Unappreciated? Or am I under appreciating?

So yesterday I got to spend the whole day with my boi and it was absolutely AMAZING :)
And I was so sad to have to take him home today :(

also, I was kinda being a bitch about him calling me verse me calling him. SORRY SUGARBOOGER!

The bed(s) didn't come, because Matress Wearhouse ran out of matresses, so my new bed(s) will be coming on either monday or wednesday. (I STILL wish that they could have called to tell us that they ran out instead of making us wake up at such an ungodly hour to wait for matresses that were not coming...)

The Sims 3 Ambitions FINALLY loaded and is working (after a full day to download) and is extremely addicting!


DRAMA

So today mi madre was at work and I got a knock on the door from a cop (I was scared sh*tless)

He gives me some court papers to give to mi madre regarding my aunt's will.
I call her at work and I continue to do my chores and clean and take care of mi familia with whatever else I can do to try to clean the house.

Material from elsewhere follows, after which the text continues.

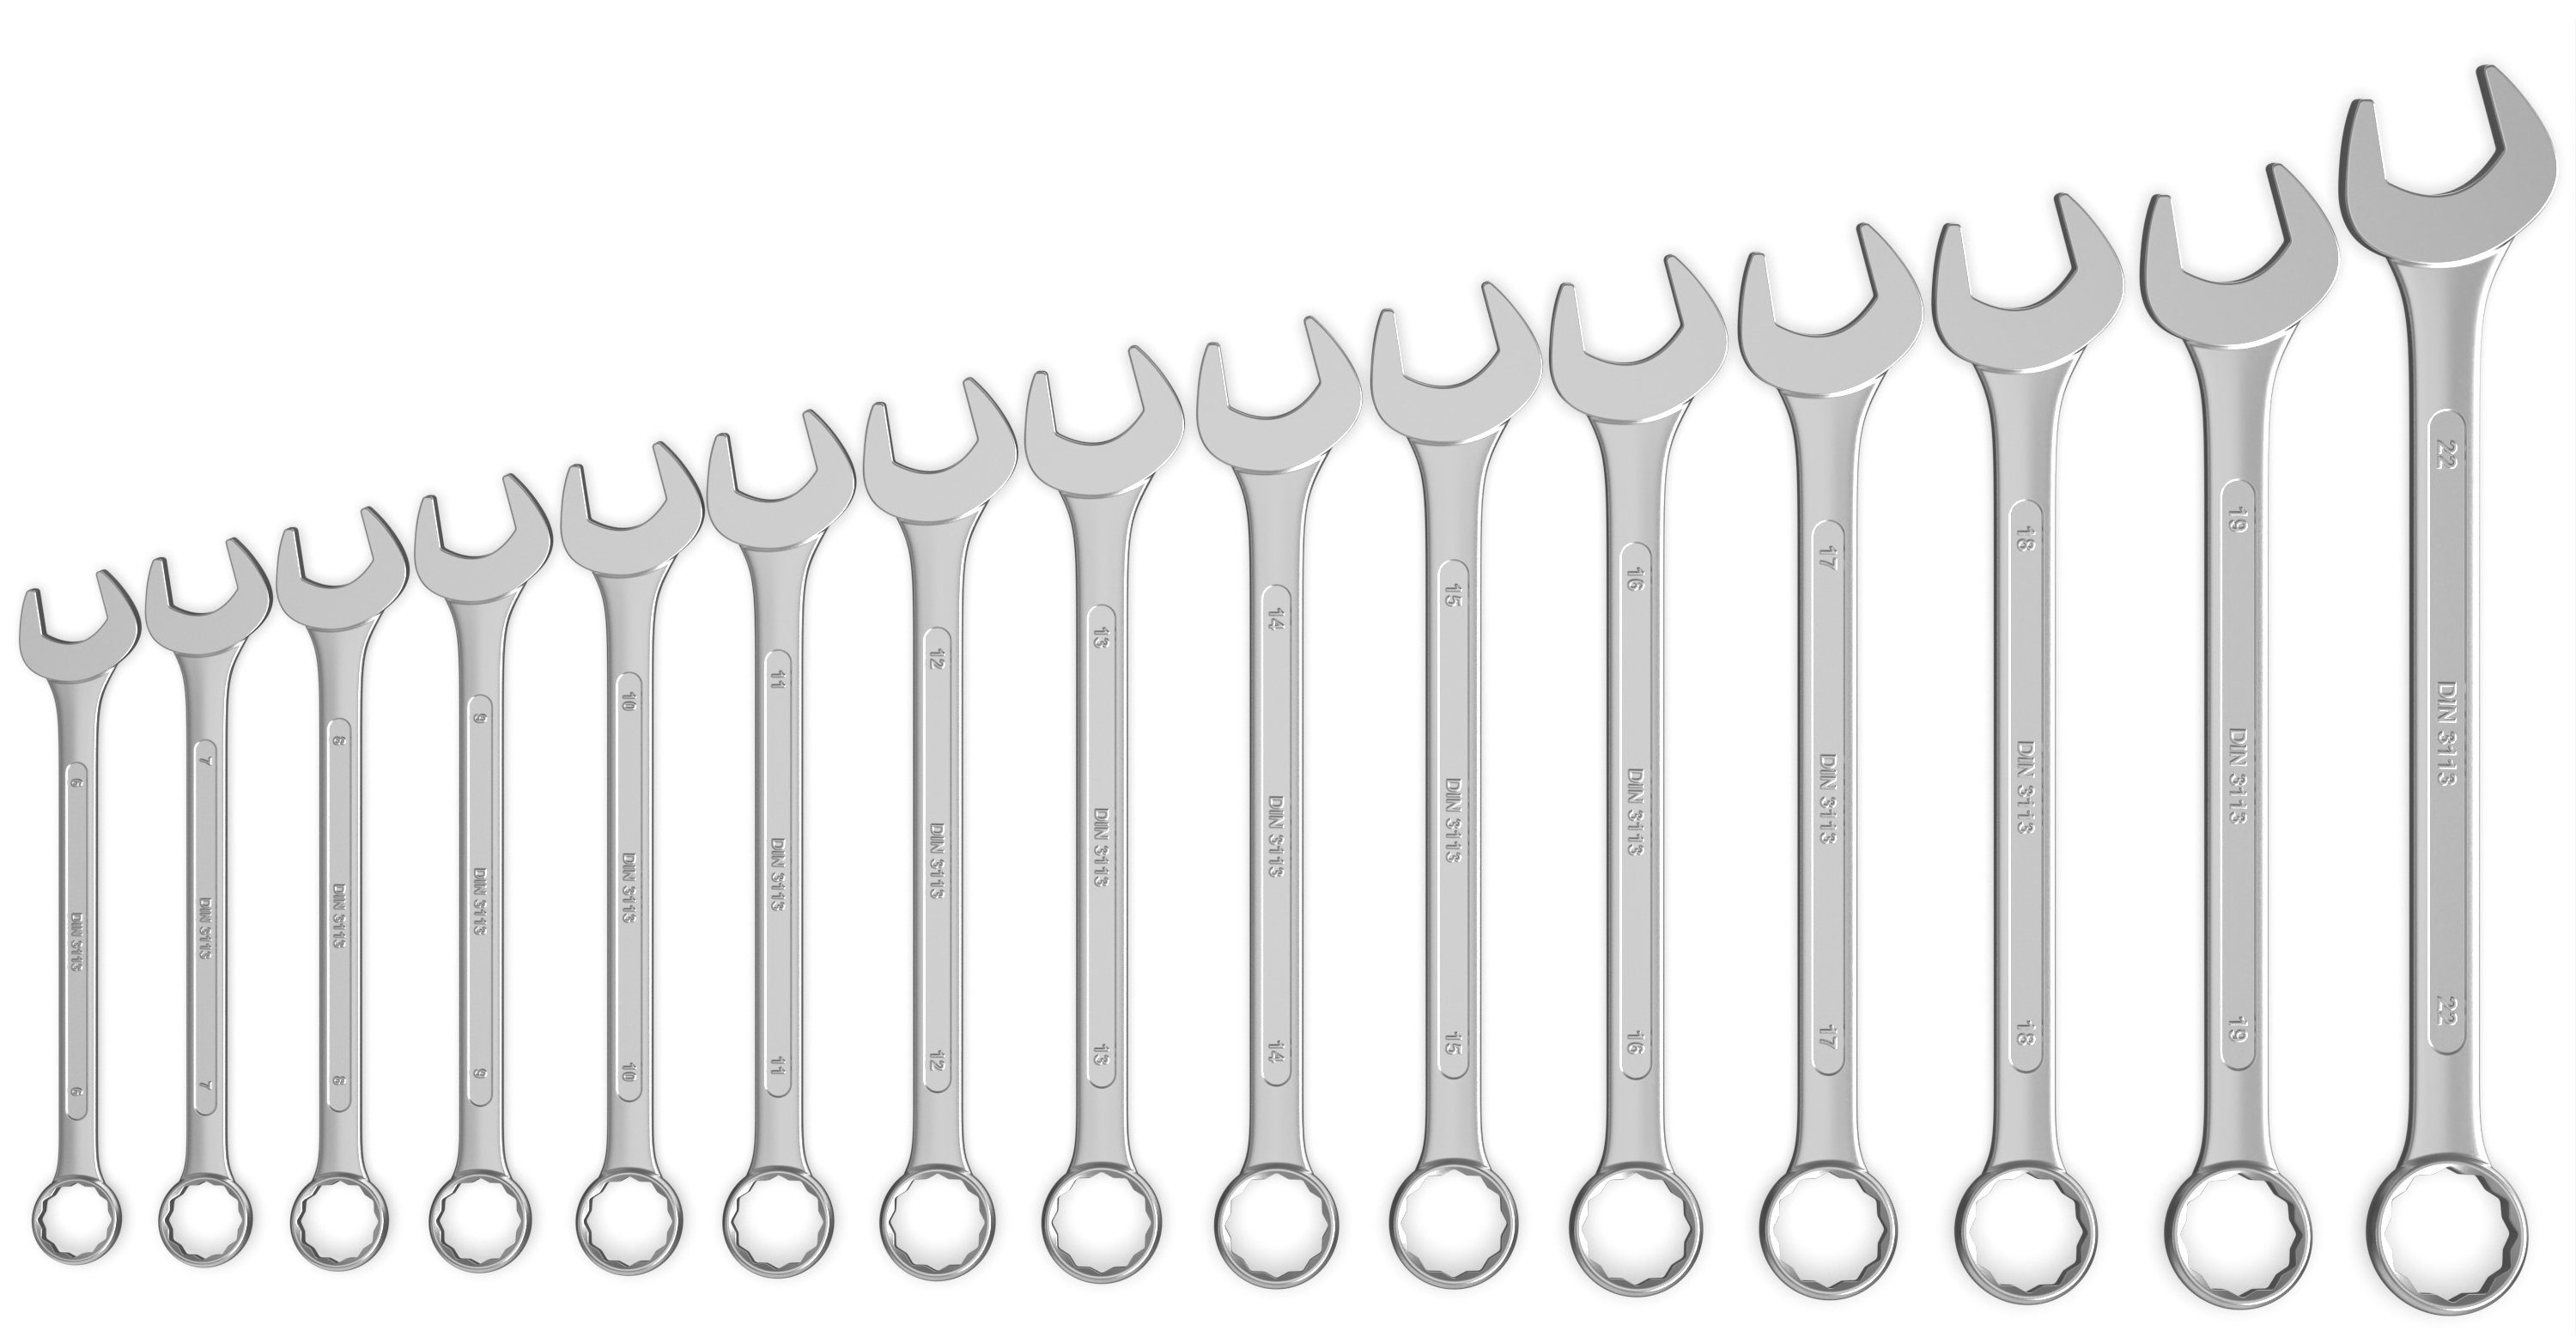 FAMEX Gabel- und Ringschlüssel CV-Stahl Satz (Schraubenschlüssel, 10345-15 St), 15 Ringmaulschlüssel aus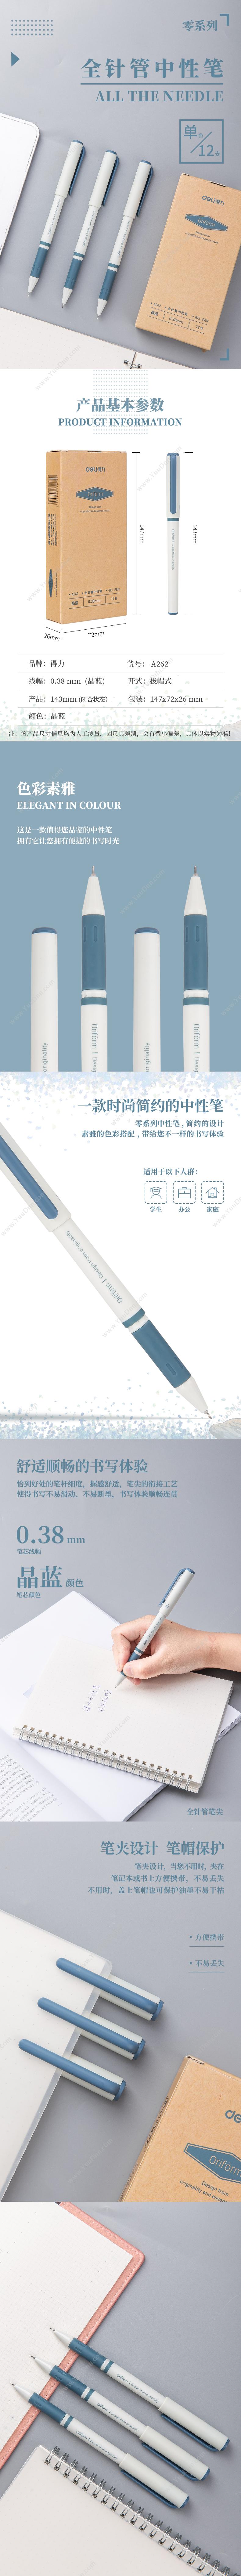 得力 Deli DL-A262 零系列全针管中性笔 0.38mm 12支/盒 晶蓝 插盖式中性笔

She calls me back and gives me a lecture about getting a job and not spending so much time having fun. I had this same conversation with padre about a week ago, and he told me that he needed me to work around the house and clean up after everybody. AND THAT IS WHAT I HAVE BEEN DOING! (Sorry; a little angry about the whole situation)

She doesn't give me a chance to get a word in about how padre said not to get a job, and continues to make me feel useless until I am almost in tears. THANKS MADRE :/

I try to enjoy life to the fullest and do things that make me happy, whether it is playing animal crossing or sims, to hanging out with friends and my boi. Everytime I seem to be enjoying myself too much mi madre gets all moody and brings me down from my happy moods (everytime and successfully, might I add). Eventhough I try to enjoy the little things in life that make me happy, I still go out of my way to do things for my family and clean and TRY MY BEST to do what they ask to an extent.

But here is the thing. Am I the one who is being under appreciated, or am I simply being a spoiled brat?

My parents go to work everyday to bring home money to allow me to do what I want to do when I want to do it. So SHOULD I be submissive to their bickering and criticisms as long as I am living in their house?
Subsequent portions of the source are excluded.